Por último, mas em um grau menor de efetividade do que os dois anteriores, Richardson (1996) cita a experiência com conhecimento técnico e formal, referindo-se à relação do professor em formação com a disciplina; o conteúdo que irá ensinar; suas concepções e crenças a respeito daqueles conteúdos e como ocorre sua aprendizagem pelos alunos; e seu conhecimento pedagógico, que envolve a prática docente e suas particularidades, como o gerenciamento dos atores em suas aulas, metodologias pedagógicas e sua aplicação em sala de aula.

Silva (2007), por sua vez, aponta algumas implicações dos estudos sobre crenças para a formação de professores, sendo a primeira delas o processo de permitir/incentivar a tomada de consciência de suas próprias crenças e das crenças em geral (sobre o papel do professor, sobre ensino e aprendizagem e outras) de uma maneira reflexiva.

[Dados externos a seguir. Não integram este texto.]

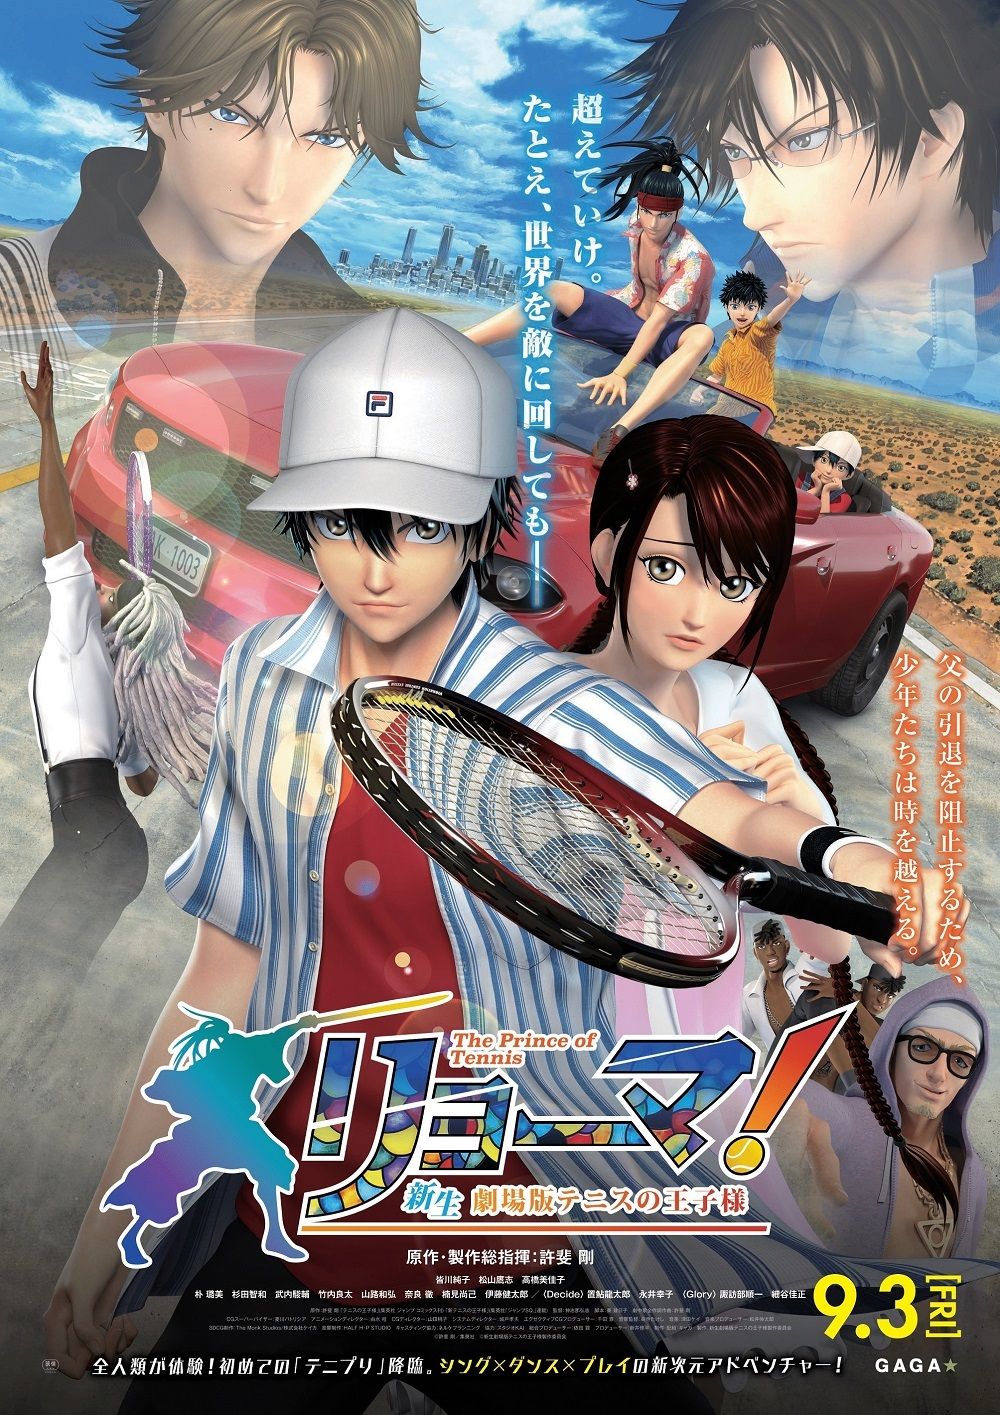 The Prince Of Tennis anime poster
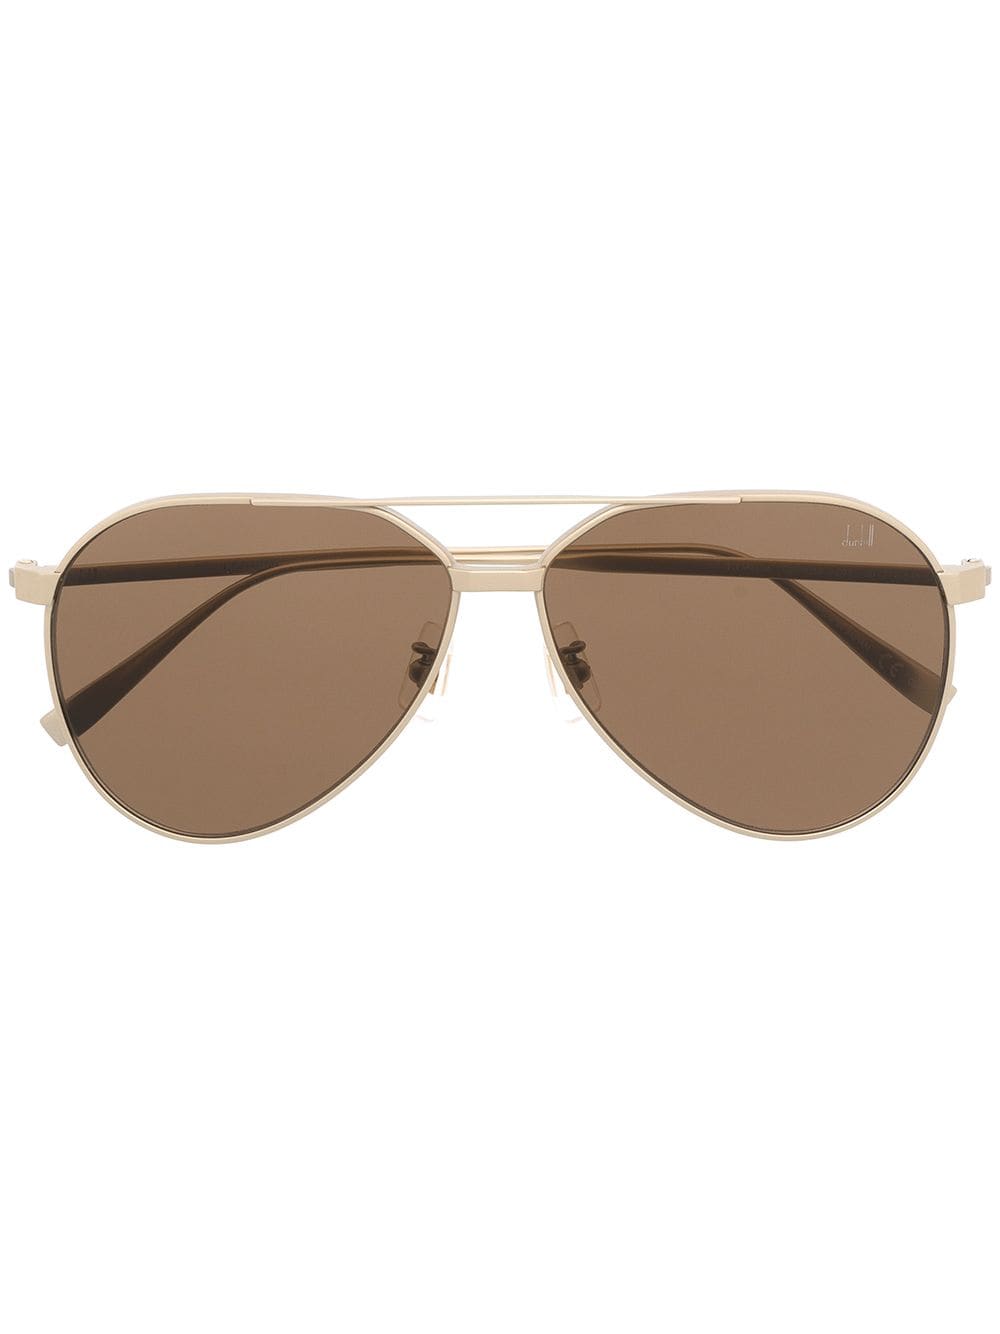 Dunhill classic pilot sunglasses - Gold

A segunda implicação seria referente à preparação do futuro docente para lidar com a multiplicidade de crenças, assim como com prováveis conflitos que emerjam de suas próprias crenças contraditórias ou que coloquem em lados opostos professor e aluno.

Na análise dos dados deste estudo, a descrição e as caracterizações das crenças observadas (especialmente sua origem, suas implicações) são de extrema importância para a interpretação de sua natureza e das especificidades do contexto sob estudo. A partir de um melhor conhecimento a respeito delas, especialmente sobre a prática docente e sobre a abordagem de cultura e aspectos relacionados à interculturalidade dos aprendizes de LE, será possível a idealização da proposta de intervenção que contribua para uma maior efetividade da atuação dos professores de PLA nos cursos do pré-PEC-G.